Requests and limits are not just numbers, but a scheduling contract

resources:
  requests:
    cpu: "250m"
    memory: "256Mi"
  limits:
    cpu: "500m"
    memory: "512Mi"

Many teams set requests and limits to rough numbers, but their actual meaning is significant.

  • requests: the minimum guaranteed amount the scheduler uses to decide where a Pod can be placed
  • limits: the upper bound a container is allowed to consume

If you do not understand that difference, two problems appear often.

  • Requests are set too low, so the Pod fits onto a node but quickly struggles under real load.
  • Limits are set too low, causing frequent CPU throttling and OOMKills.

So requests and limits are not performance knobs. They are closer to a resource contract between the cluster and the application.

QoS classes determine priority under resource pressure

  • Guaranteed: requests == limits
  • Burstable: requests < limits
  • BestEffort: no resource settings

This classification is not just informational. It affects which Pods are evicted first when node resources run low. For important production services, at minimum Burstable is usually appropriate, and core workloads are often safer when managed close to Guaranteed.

Memory settings must be considered with runtime behavior

apiVersion: apps/v1
kind: Deployment
metadata:
  name: order-service
spec:
  template:
    spec:
      containers:
        - name: app
          image: order-service:1.2.0
          env:
            - name: JAVA_OPTS
              value: "-Xms512m -Xmx512m -XX:+UseContainerSupport"
          resources:
            requests:
              cpu: "500m"
              memory: "768Mi"
            limits:
              cpu: "1000m"
              memory: "768Mi"

For applications with runtime overhead, such as Java, sizing memory from heap alone leads to OOMs quickly.
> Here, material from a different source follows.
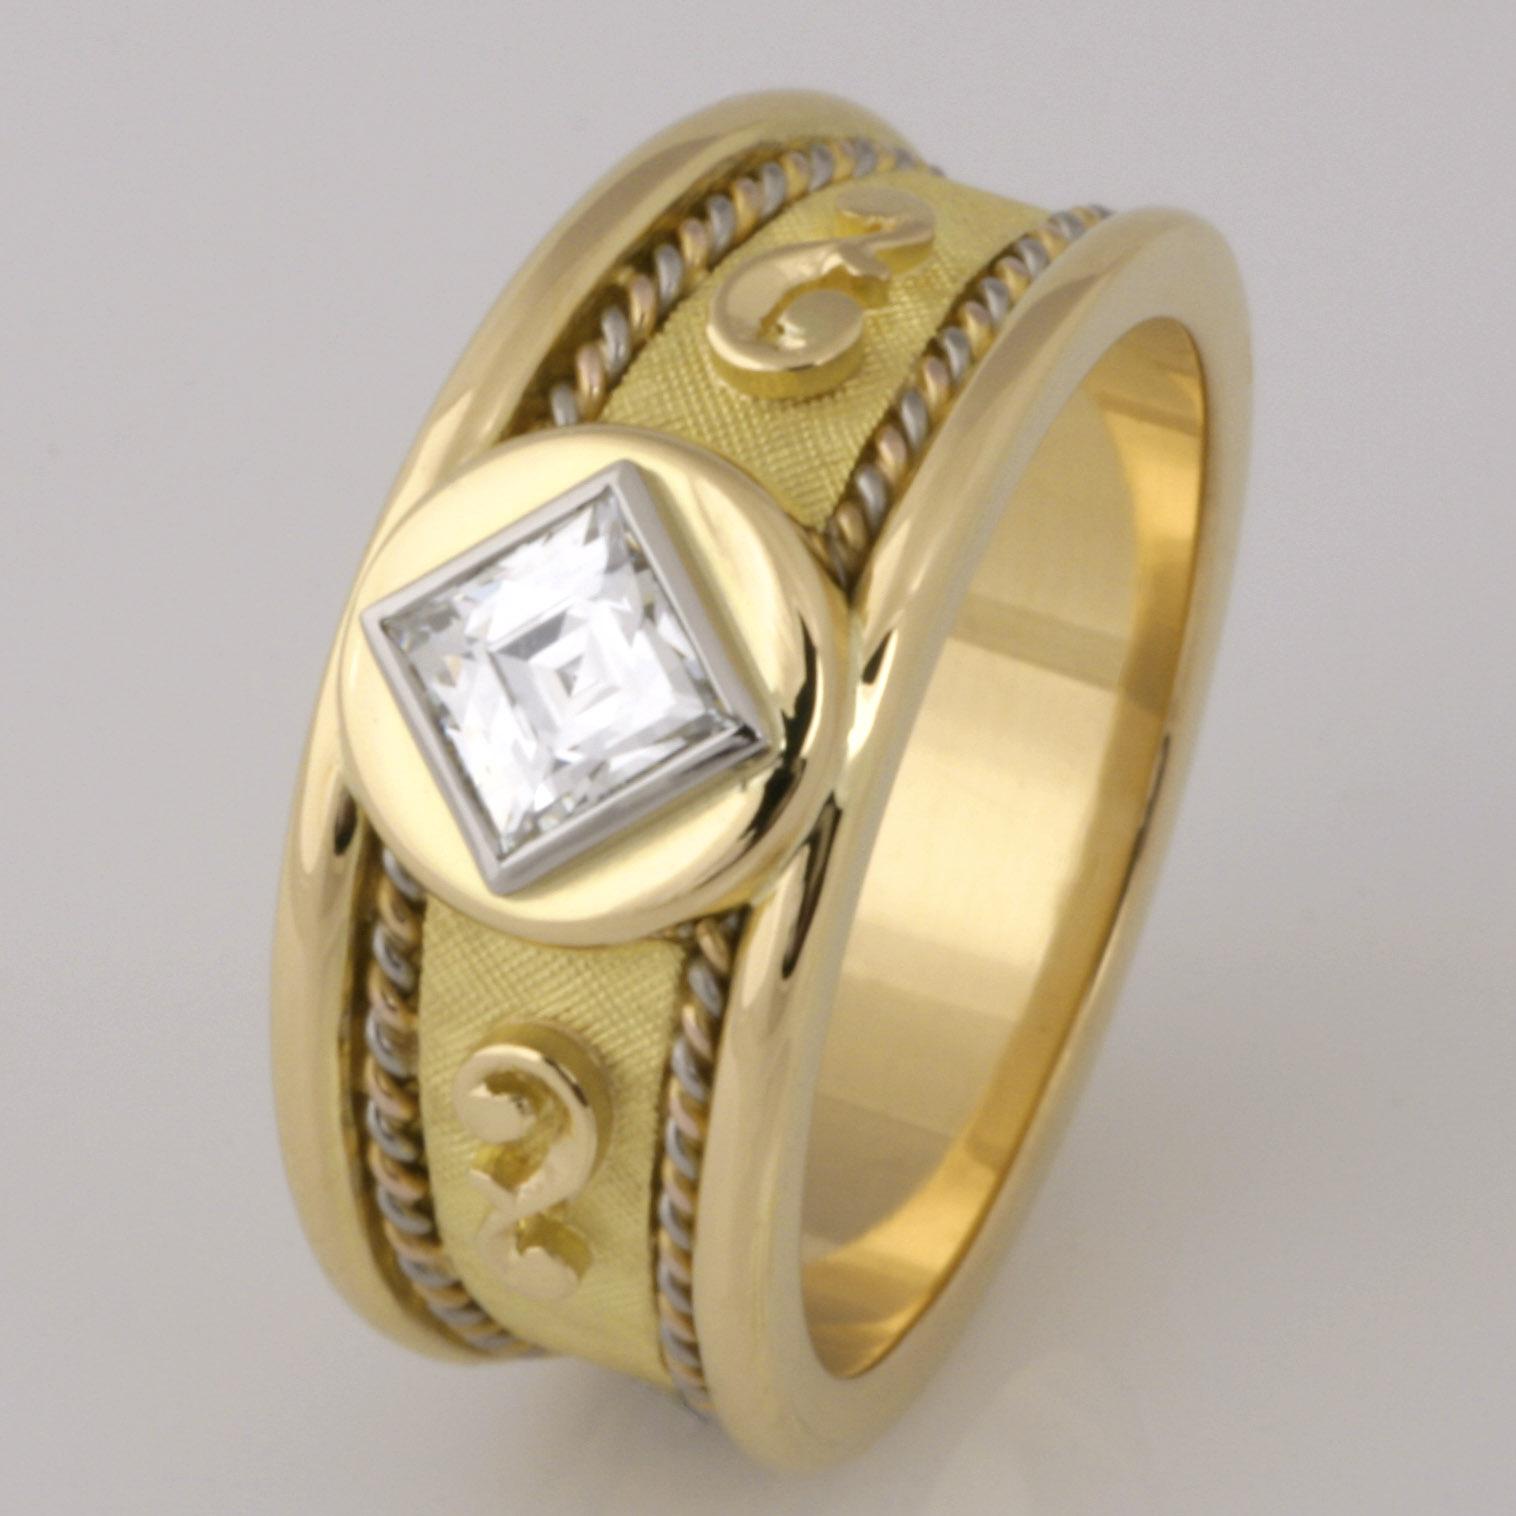 Handmade ladies 18ct yellow, rose and white gold 'Tycoon' cut diamond ring

You also need to account for metaspace, thread stacks, and native memory. In other words, Kubernetes resource tuning is not something you can do well without understanding the application runtime.

HPA is not magic, but a delayed control system

apiVersion: autoscaling/v2
kind: HorizontalPodAutoscaler
metadata:
  name: order-service-hpa
spec:
  scaleTargetRef:
    apiVersion: apps/v1
    kind: Deployment
    name: order-service
  minReplicas: 2
  maxReplicas: 10
  metrics:
    - type: Resource
      resource:
        name: cpu
        target:
          type: Utilization
          averageUtilization: 70
    - type: Resource
      resource:
        name: memory
        target:
          type: Utilization
          averageUtilization: 80
  behavior:
    scaleUp:
      stabilizationWindowSeconds: 60
      policies:
        - type: Pods
          value: 2
          periodSeconds: 60
    scaleDown:
      stabilizationWindowSeconds: 300
      policies:
        - type: Percent
          value: 10
          periodSeconds: 60

HPA does not respond to load like instant magic. In reality:

  • Metric collection has delay.
  • New Pods take time to start.
  • If scale-up and scale-down are too sensitive, you get flapping.
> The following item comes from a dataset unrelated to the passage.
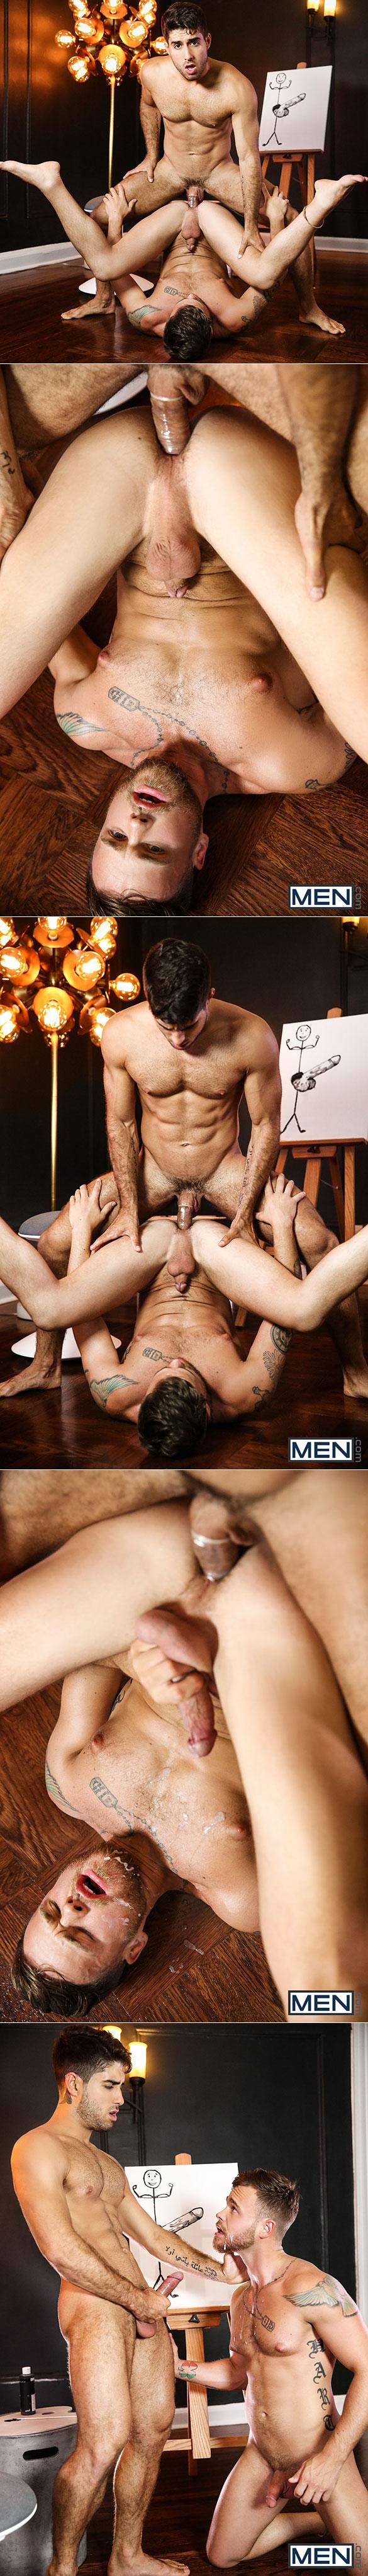 "Men.com: Diego Sans fucks Max Wilde in ""The Artist"""

So HPA is better understood not as a mechanism that absorbs sudden spikes instantly, but as a delayed control loop that absorbs sustained load.

Why CPU alone is not enough

Many teams configure HPA only around CPU at 70 percent. But depending on the service, the real bottleneck can be very different.

  • API servers: request latency or RPS may matter more than CPU
  • Workers: queue backlog may be the more direct scaling signal
  • Cache-heavy services: memory may be the real bottleneck

That means HPA may be a Kubernetes feature, but in practice it is really a workload modeling problem per service.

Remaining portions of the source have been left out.